При этих музыкальных успехах я не оставлял своего оригинального ухаживания в привлекательной для меня семье графа Пахта, переживая самые удивительные перипетии. Моим товарищем по несчастью оказался один кондитер, по имени Хаша [Hascha]. Это был длинный, худой, в высшей степени сухой юноша, который, подобно большинству чехов, совмещал интерес к недурной кондитерской с занятиями музыкой. Аккомпанируя пению Августы, он почувствовал влюбленность, соответствующую его характеру. Ему, как и мне, были в высшей степени ненавистны часто повторявшиеся визиты кавалеров, посещавших столицу, но в то время как мое неудовольствие выражалось юмористически, его чувство становилось все более и более мрачным и меланхоличным и даже делало беднягу внешне неловким и неуклюжим.
Так, в один из вечеров, когда решено было зажечь большую люстру в честь ожидавшегося главного кавалера, он зацепил ее своей высокой головой, сидящей на длинном теле, разбил и тем самым помешал праздничному освещению.
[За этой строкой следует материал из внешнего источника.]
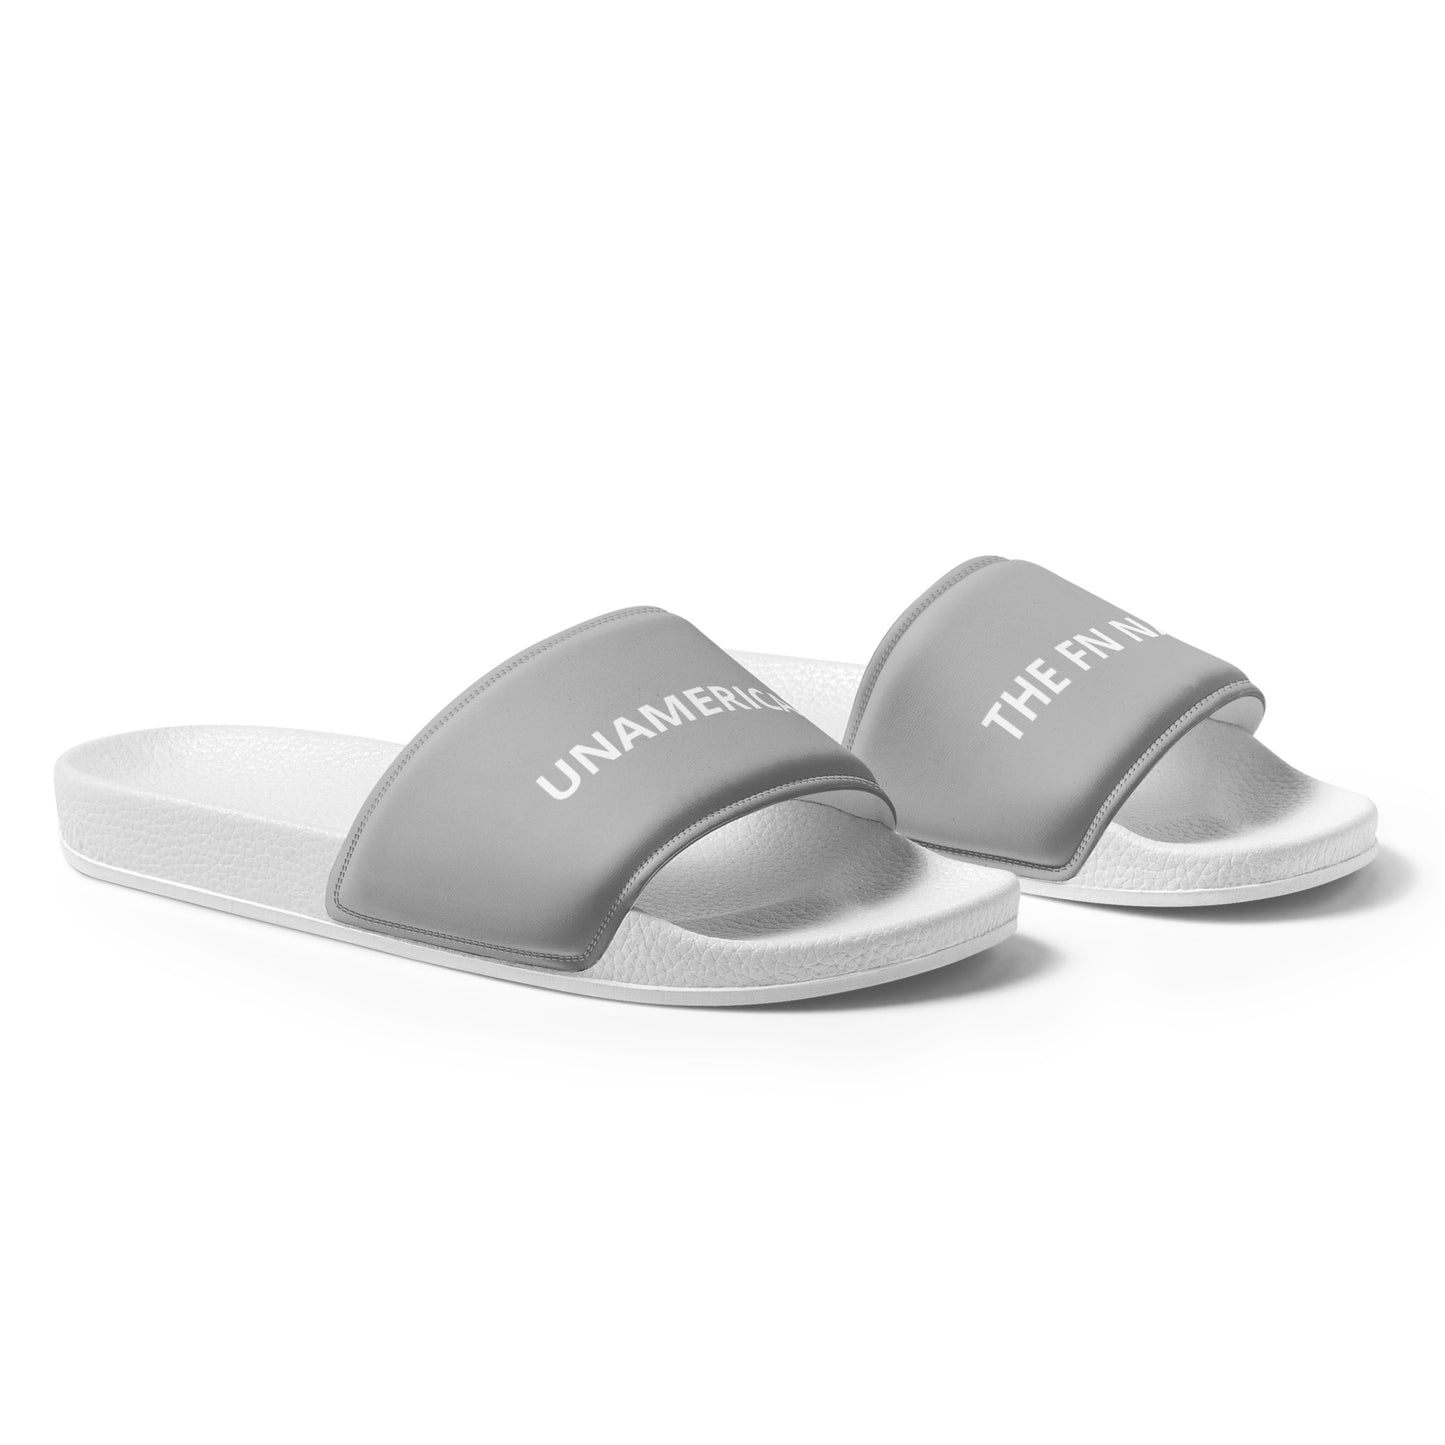 FN UNAMERICAN WOMEN'S: LAX Slides (white/silver)
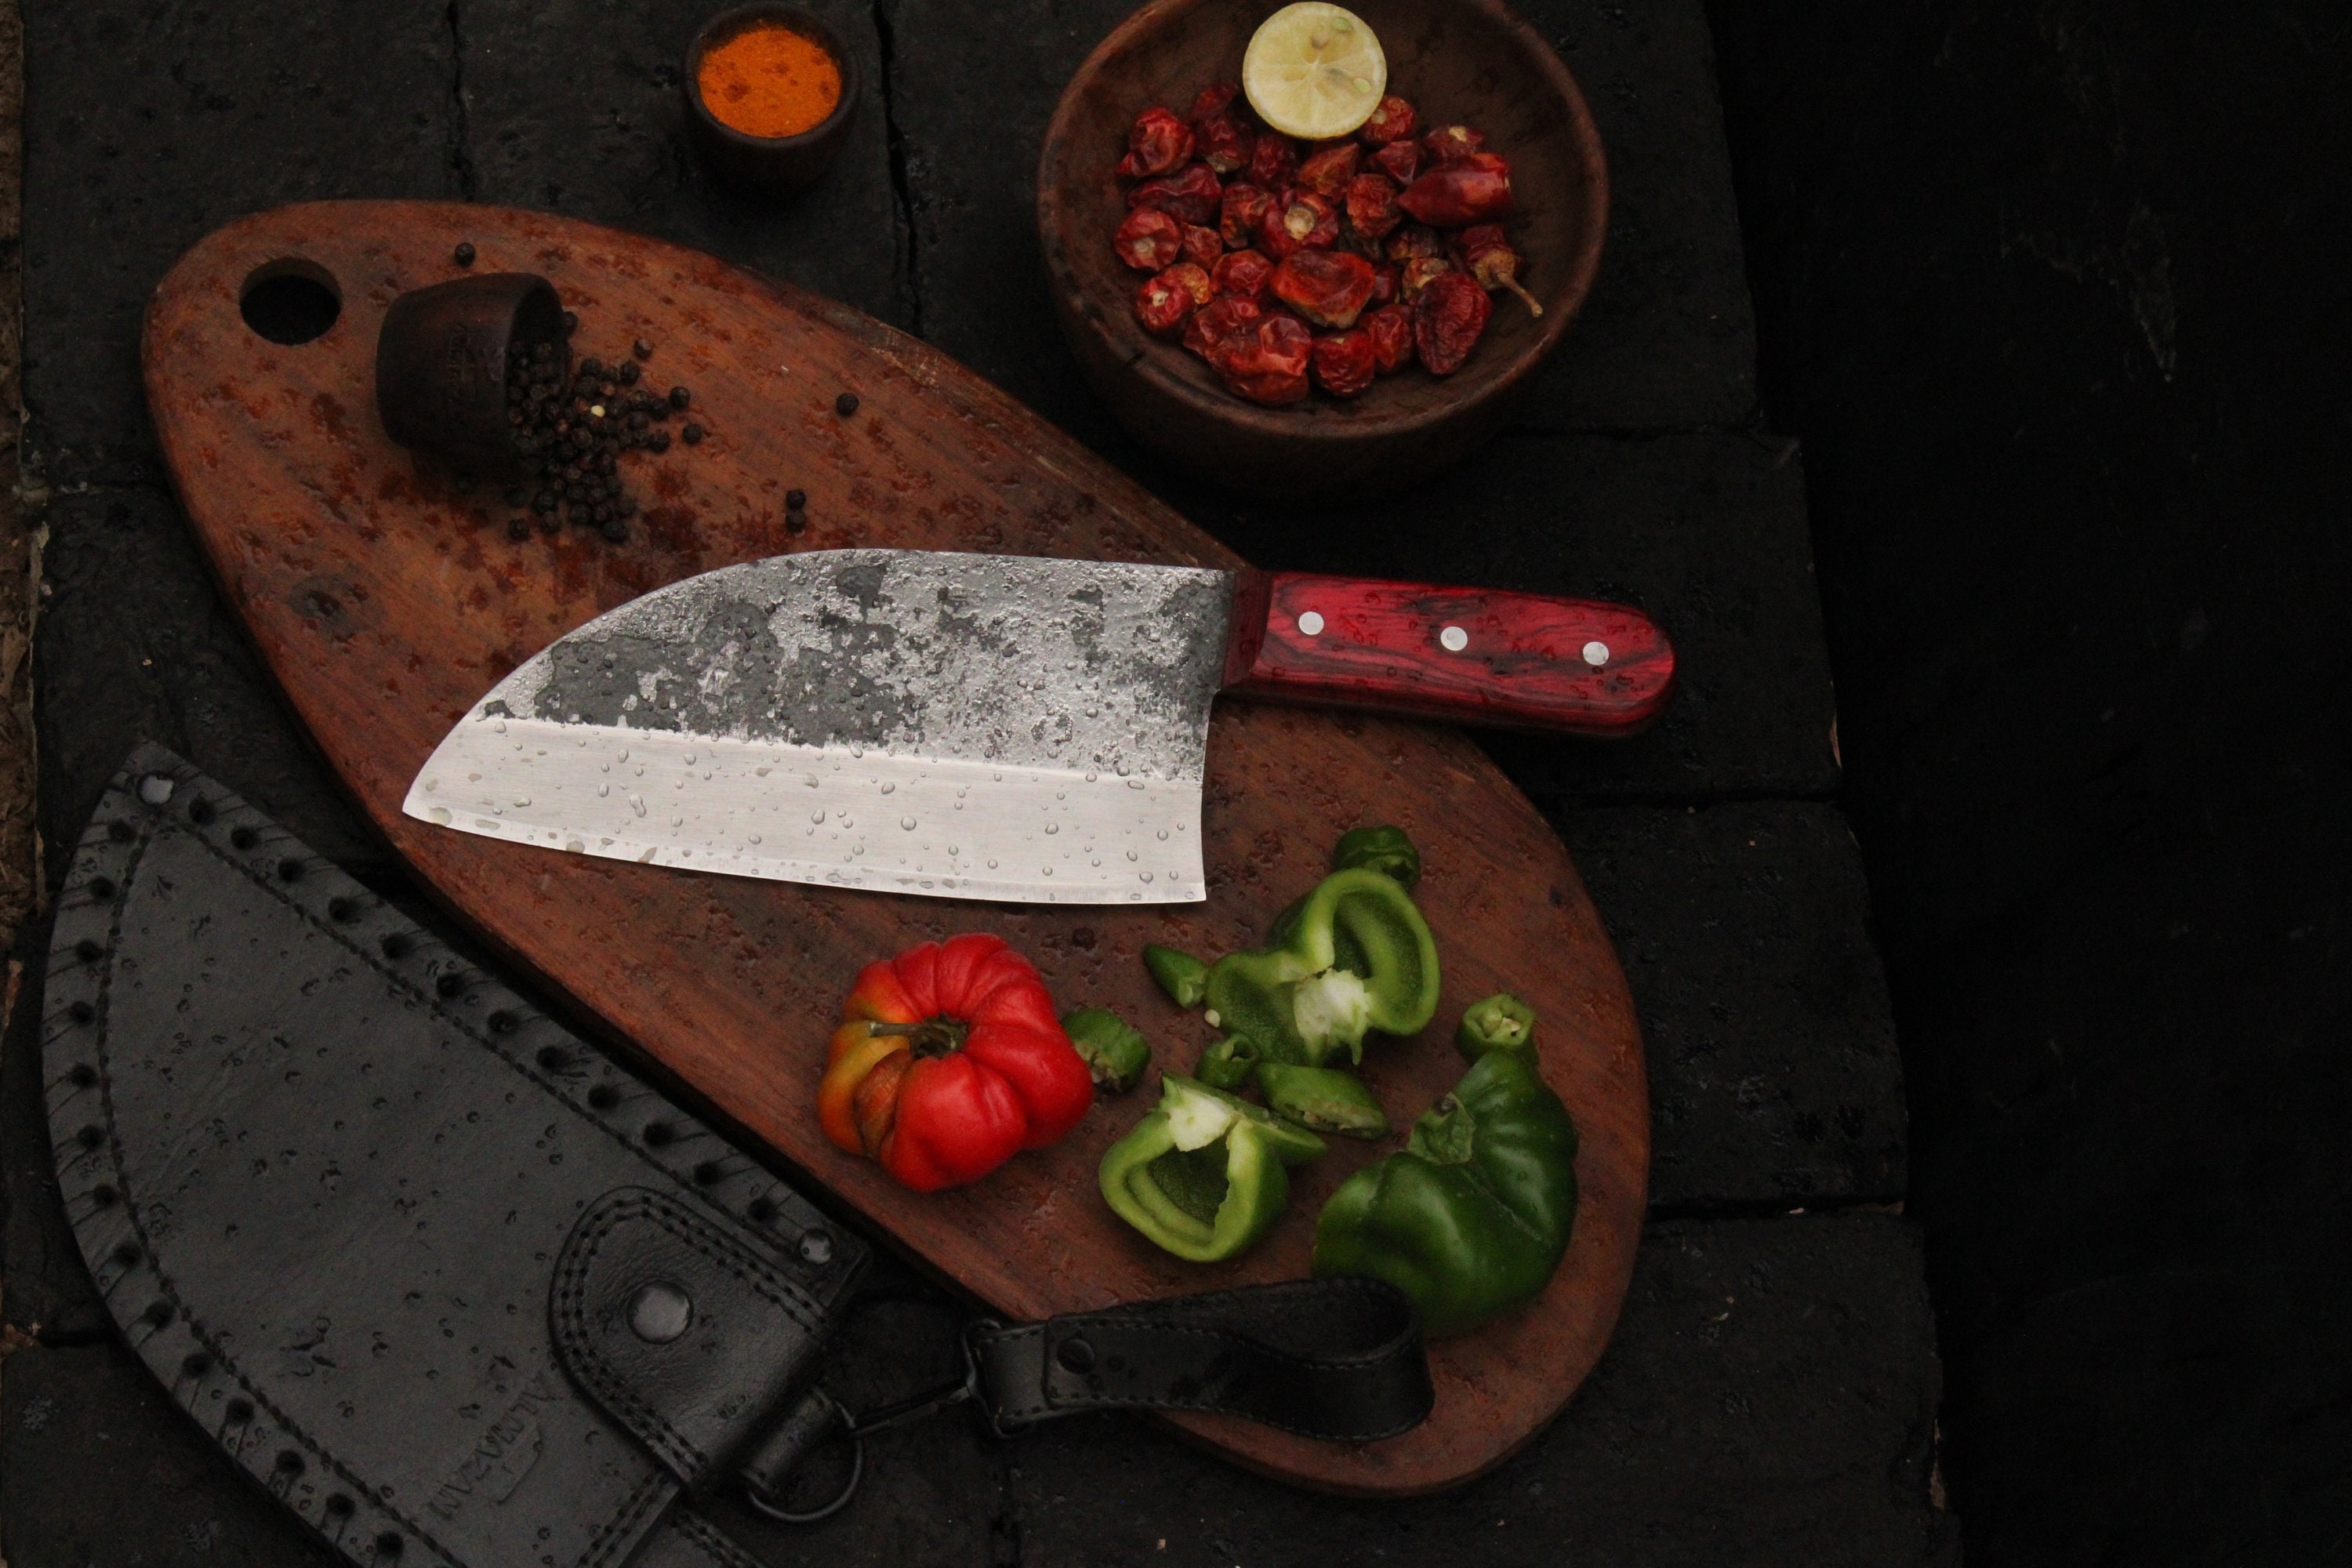 Vintage Gentlemen - Handforged Serbian Chef Knife – Grillworks

Все это навлекло на него глубокое негодование матери наших приятельниц, так что после того он благоразумно решил прекратить свои посещения графского дома.
Вот когда я узнал первые приступы настоящего страдания, вызванного теми особенными, гложущими ощущениями ревности, которые, однако, в данном случае вовсе не вызывались истинной любовью. Помню, как однажды вечером я пришел в дом графа, и мать старалась задержать меня в передней, в то время как в гостиной, о чем я мог заключить по некоторым признакам, празднично разодетые барышни беседовали с ненавистным мне молодым аристократом. Все, что оставалось непонятным для меня в некоторых рассказах Гофмана о сатанинских страстях, проснулось во мне внезапно с ужасающей живостью, и я покинул Прагу с несомненно преувеличенным и несправедливым мнением относительно обстоятельств и личностей, которые вовлекли меня в круг дотоле неведомых мне переживаний.
Но еще одну выгоду вынес я из этого продолжительного выхода в свет: в Правонине я занимался сочинением поэтических текстов и музыкальной композицией. Я сочинял музыку на стихотворный текст друга моей юности Теодора Апеля[195], озаглавленный «Звуки колокола». Хотя уже в предыдущую зиму, в Лейпциге, я написал большую арию для сопрано и оркестра, которая исполнялась на театральном концерте, однако эта новая работа была первой вокальной композицией, проникнутой истинным чувством. По своему общему характеру она, несомненно, вылилась из впечатлений от бетховенских вокальных композиций, особенно из его Liederkreis[196]. И все же я вспоминаю о ней как о лично мне принадлежащей вещи, преисполненной нежного, мечтательного чувства в аккомпанементе.